The kvno for any user account changes every time that its password is changed. If the version numbers do not match, create an account and keytab, or change the password to match the kvno to the kvno of the keytab.
To determine the version number of a service account for a UNIX MIT KDC, enter the following command:
kvno
principal_name
Check for Kerberos HTTP Service Ticket
Verify that the Client can obtain an HTTP service ticket. This step verifies that the HTTP user-agent is properly configured for integrated authentication and it can automatically retrieve an HTTP service ticket to authenticate to the web server. If the Client does not have an HTTP service ticket, then either the HTTP browser is not configured correctly or there is another issue. Verify the HTTP browser configuration again and then continue to the next step of monitoring the network traffic.
To verify the Kerberos HTTP service ticket on Windows, use the
Microsoft Windows klist.exe program
by using the fully qualified path to klist.exe under C:\windows\system32 and search the output for
HTTP
.
> C:\windows\system32\klist.exe | findstr HTTP Server: HTTP/www.example.com @ EXAMPLE.COM
To verify the Kerberos HTTP service ticket on Linux, use the
klist program
and search the output for
HTTP
.
$ klist | grep HTTP 10/23/17 21:30:39 10/24/17 07:30:39 HTTP/www.example.com@ 10/23/17 21:30:39 10/24/17 07:30:39 HTTP/[email protected]
Check for HTTP Authorization Header
If the HTTP browser is able to successfully retrieve an HTTP service ticket, then the next request for the Kerberos credential collector URL contains an HTTP authorization request header. The value of the HTTP authorization request header is
Negotiate YII...
where
YII
is the beginning of the Base64-encoded Kerberos HTTP ticket.
Use a proxy like Fiddler to capture the HTTP traffic from the web browser, especially if the HTTP traffic is encrypted. Sometimes, the developer's tools feature of an HTTP browser does not show all the traffic or all the request/response headers. Use a proxy that is designed for capturing the browser traffic in such cases.
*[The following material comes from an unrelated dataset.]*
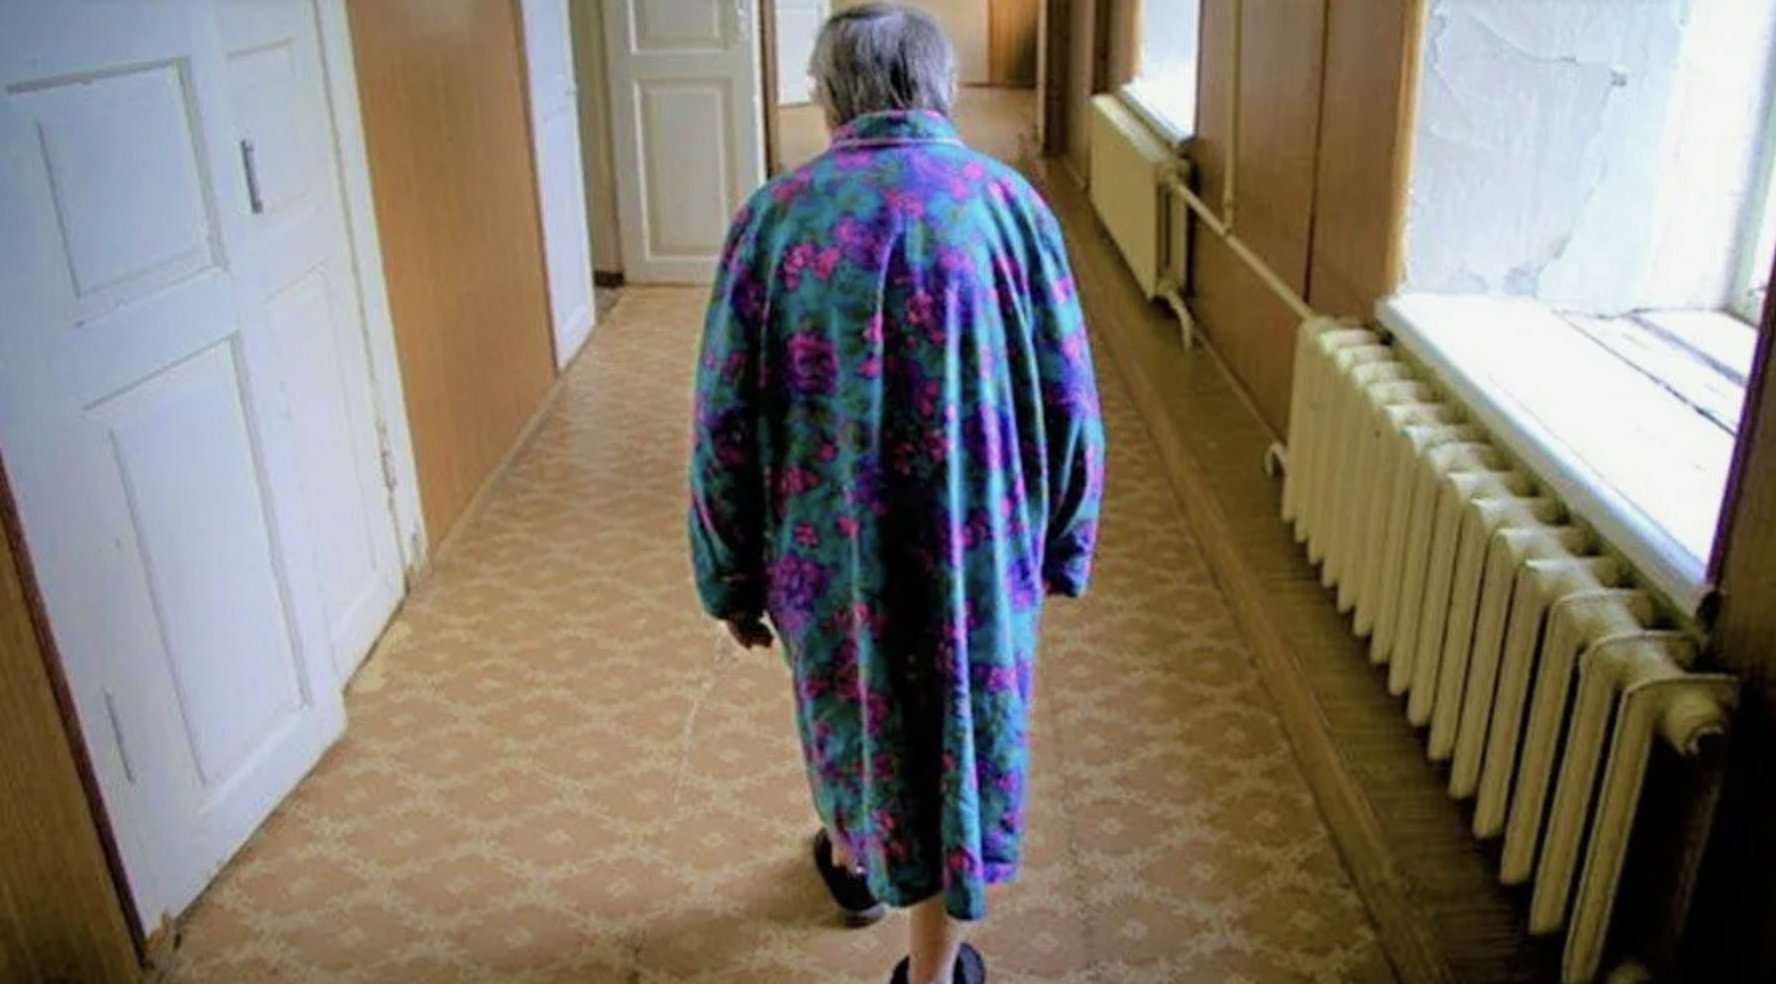 La abuela camina por el pasillo | Fuente: Shutterstock

Capture Client Network Traffic
While tools like Fiddler are useful for capturing the web browser traffic, they do not capture the raw network traffic. Use a tool like Wireshark to capture the network traffic. Focus on DNS, Kerberos, and HTTP traffic by setting an appropriate capture filter such as port 53, port 80, or port 88.
Check DNS
Check that DNS queries are returning
A records
and not CNAME records. Use tools like
nslookup.exe
on Windows or
dig
on Linux to check DNS. Also, if Wireshark is used to capture DNS and Kerberos traffic, you might see requests for a Kerberos ticket for the server name that is returned in a DNS A record rather than the CNAME that is used to access the web server. Ensure that the server name in the Kerberos request from the Client matches the expected name.
Using DNS CNAME records complicates the authentication flow. The CNAME record is used when a proxy is used; when the proxy is not used, the A record that the CNAME points to is used instead. Prefer using DNS A records, if possible, to reduce the complexity and to support troubleshooting using proxy tools like Fiddler.
Check Key Version Number
Check the Kerberos HTTP ticket version number retrieved by the Client. It is in TGS response messages and called
kvno
. Note the number and compare it with the key version number in the keytab file of Web Agent when you start to focus on the Web Agent troubleshooting.